Work task:
Print, exactly as they appear in the listing below, the lines from the line with "Agência europeia Frontex" to the line with "Bright crybaby coloring book", with both end lines kept.

Source records:
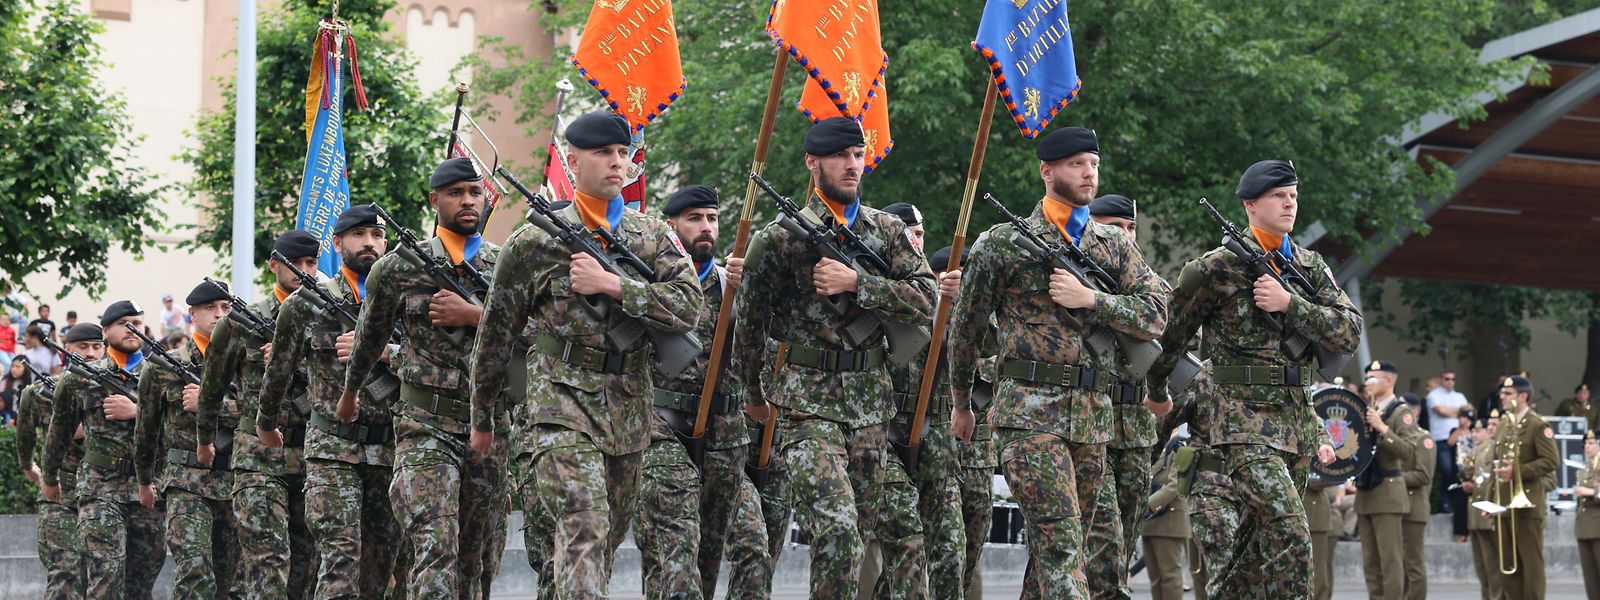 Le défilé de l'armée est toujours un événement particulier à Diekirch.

==

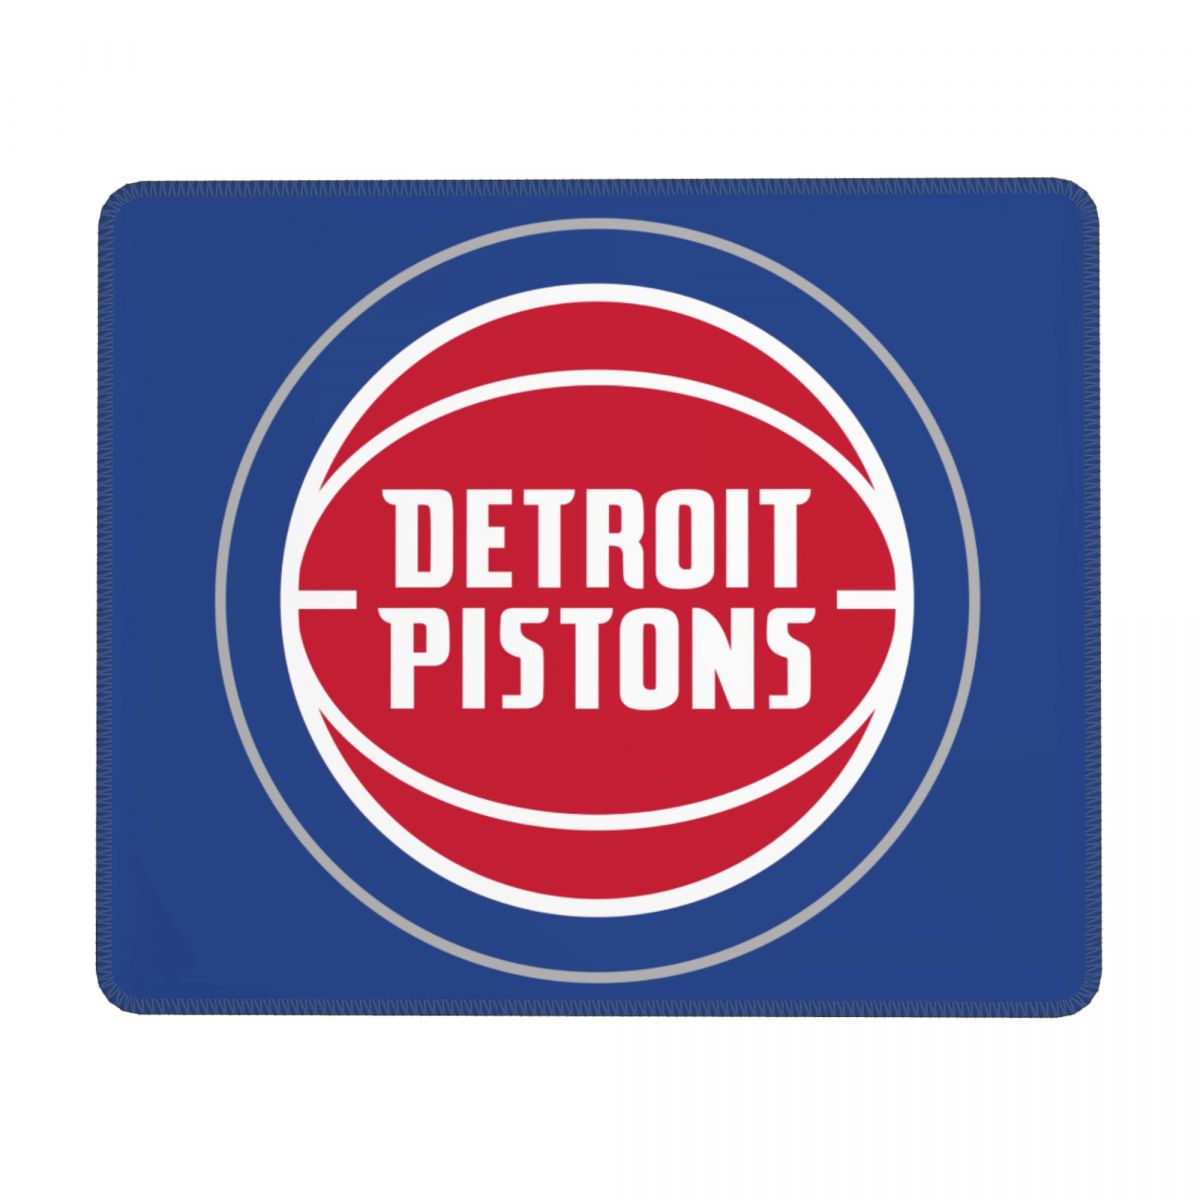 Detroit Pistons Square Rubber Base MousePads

--

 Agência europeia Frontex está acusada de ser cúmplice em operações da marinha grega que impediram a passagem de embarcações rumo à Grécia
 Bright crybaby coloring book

Solution to this exercise:
 Agência europeia Frontex está acusada de ser cúmplice em operações da marinha grega que impediram a passagem de embarcações rumo à Grécia
 Bright crybaby coloring book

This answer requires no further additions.